Statistical Analysis
Patient characteristics are summarized by frequency and percentages for categorical variables and median value for continuous variables. Event-free survival was evaluated with local recurrence, distant recurrence, and disease-specific death as events. The Kaplan-Meier method and log-rank test were used to compare event-free survival rates between groups. Competing risks analysis was used to compare the cumulative incidence of death due to disease between groups. Death due to other causes was treated as a competing event. Event times were calculated from the date of diagnosis to the first event or the latest follow-up. The variables analyzed included age (more than fifty years compared with fifty years or less), sex, primary site (extremity compared with axial), tumor grade (low compared with high), size (>5 cm compared with ≤5 cm), depth (superficial compared with deep), resection margin status (R1 compared with R0), history of radiation, and treatment type (surgery alone or with adjuvant chemotherapy and/or radiation therapy). All analysis was conducted with use of R software (version 3.0.0; R Project, Vienna, Austria), including the survival and cmprsk packages.
Source of Funding
There was no external source of funding for this study.
Results
Patient and Tumor Characteristics
Fifty-three patients were identified with pathologically confirmed extraskeletal osteosarcoma and were included in this study. The median follow-up time from diagnosis was thirty-three months (range, one to 337 months) for the overall patient cohort and thirty-four months (range, one to 290 months) for the twenty-three patients who were alive at the time of the latest follow-up. The overall cohort consisted of twenty-three male patients (43%) and thirty female patients (57%). The median patient age at diagnosis was sixty-four years (range, ten to eighty-eight years) (see Appendix).
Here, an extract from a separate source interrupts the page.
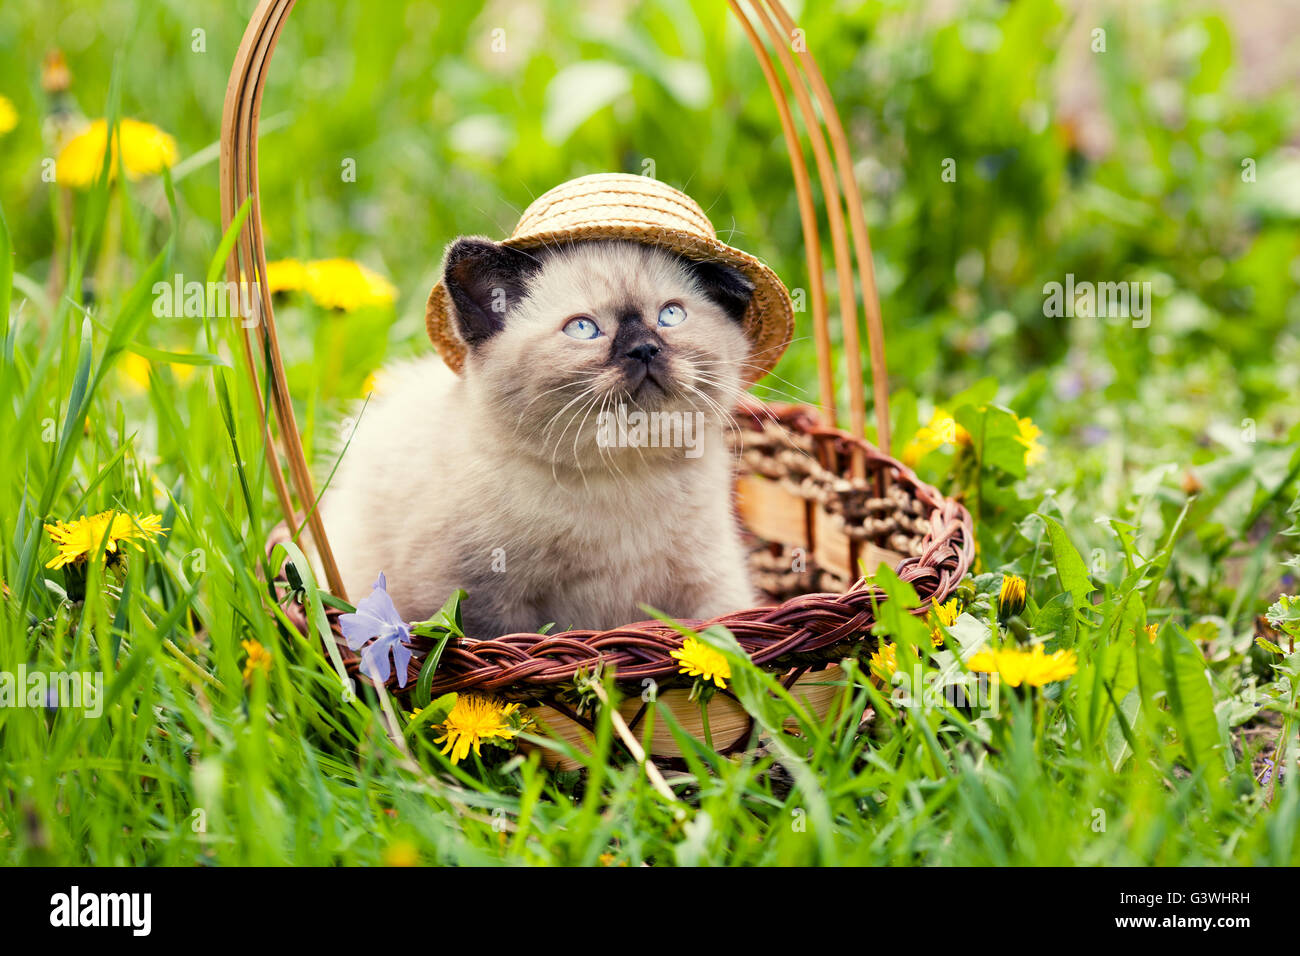 https://c8.alamy.com/comp/G3WHRH/little-kitten-wearing-straw-hat-sitting-in-a-basket-on-the-grass-G3WHRH.jpg

Forty-one patients (77.4%) presented with primary sites in the lower extremity, six patients (11.3%) presented with primary sites in the upper extremity, and six patients (11.3%) presented with primary sites in an axial location. Two tumors (3.8%) were low grade. With respect to size, thirteen tumors (24.5%) were ≤5 cm, twenty tumors (37.7%) were between >5 cm and ≤10 cm, and twenty tumors (37.7%) were >10 cm. Eleven tumors (21%) were located superficially in the subcutaneous tissues (Table I).
TABLE I.
Summary of Patient Demographics and Tumor Characteristics
| Demographics and Characteristics | All Patients (N = 53) | Patients with Localized Disease (N = 42) |
| Patient age*(yr) | 64 | 64.5 |
| Patient sex† | ||
| Male | 23 (43) | 19 (45) |
| Female | 30 (57) | 23 (55) |
| Site of primary tumor† | ||
| Upper extremity | 6 (11.3) | 6 (14.3) |
| Lower extremity | 41 (77.4) | 31 (73.8) |
| Axial | 6 (11.3) | 5 (11.9) |
| Tumor grade† | ||
| Low | 2 (3.8) | 2 (4.8) |
| High | 51 (96.2) | 40 (95.2) |
| Tumor size† | ||
| ≤5 cm | 13 (24.5) | 11 (26.2) |
| >5 cm to ≤10 cm | 20 (37.7) | 14 (33.3) |
| >10 cm | 20 (37.7) | 17 (40.5) |
| Tumor depth† | ||
| Superficial | 11 (21) | 10 (24) |
| Deep | 42 (79) | 32 (76) |
The value is given as the median.
The values are given as the number of patients, with the percentage in parentheses.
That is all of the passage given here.